AminRezaei0x443 / PyTorch-LIT

Lite Inference Toolkit (LIT) for PyTorch
MIT License
161 stars 6 forks source link

gpt-j generation speed very low #4

Open ghost opened 2 years ago

ghost commented 2 years ago

The output of gpt-j is very slow, for a 200 output token generation it takes about 20 minutes, for 2048 it takes more than an hour, this significantly limits any experimentation with the model.

I checked Gpu utilization during inference which is about 1 percent or 4 percent, and gpu memory usage is below 4GB usage, my system has 8GB Gpu memory, if full Gpu is utilized it may be significantly increase the inference speed

Are their simple hacks to speedup inference time ?

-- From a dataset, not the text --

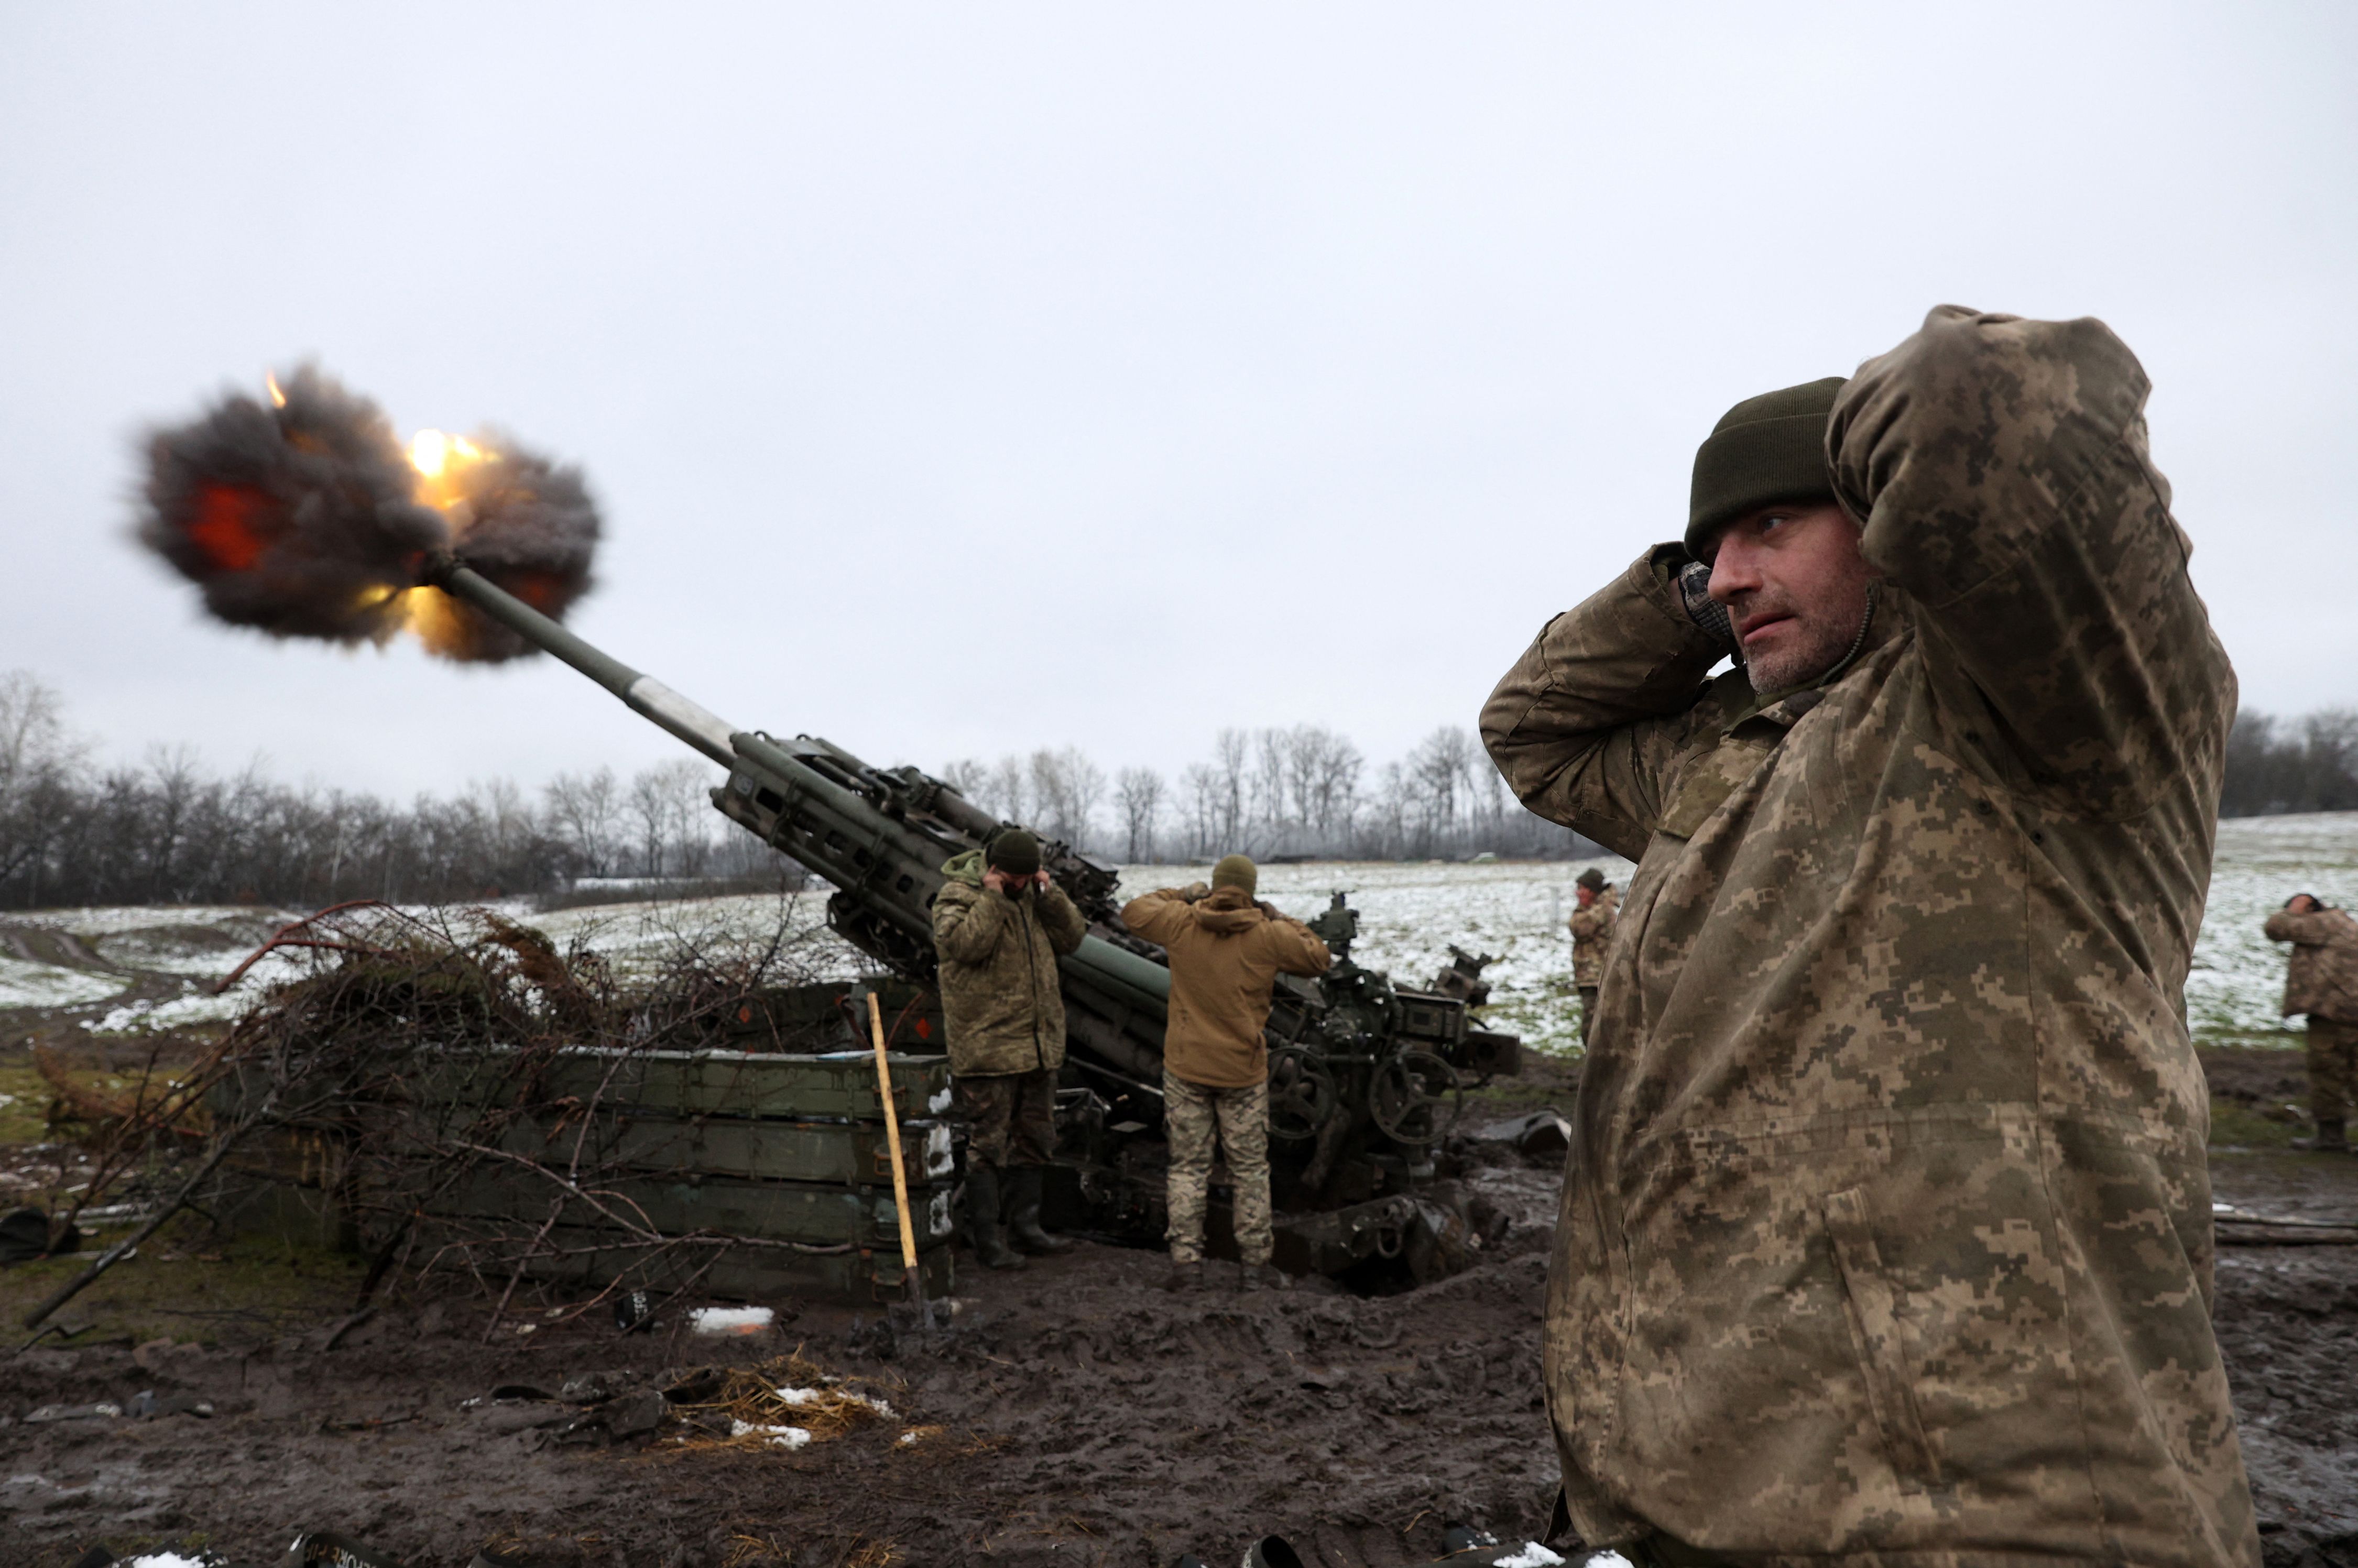 The US Wants to Build Artillery Shells As It Supplies Them to Ukraine

AminRezaei0x443 commented 2 years ago

This is because weight off-loading is done per module rather than in batches. Full GPU use would significantly boost the speed. However, its implementation is not simple, and some calculations must be conducted in this respect. I'll attempt to implement and finish it in the future, but I'm now really busy. Huggingface Accelerate was just released with the same goal. Take a look; that could address the issue, and I'd appreciate hearing if it works or not. (https://huggingface.co/docs/accelerate/index)

ghost commented 2 years ago

I will check on accelerate library, thanks for timely feedback. PyTorch-lit worked very easily and smoothly, highly appreciate your work.

AminRezaei0x443 commented 2 years ago

Thanks! I am delighted to hear that. Please do not hesitate to ask questions and feel free to contribute.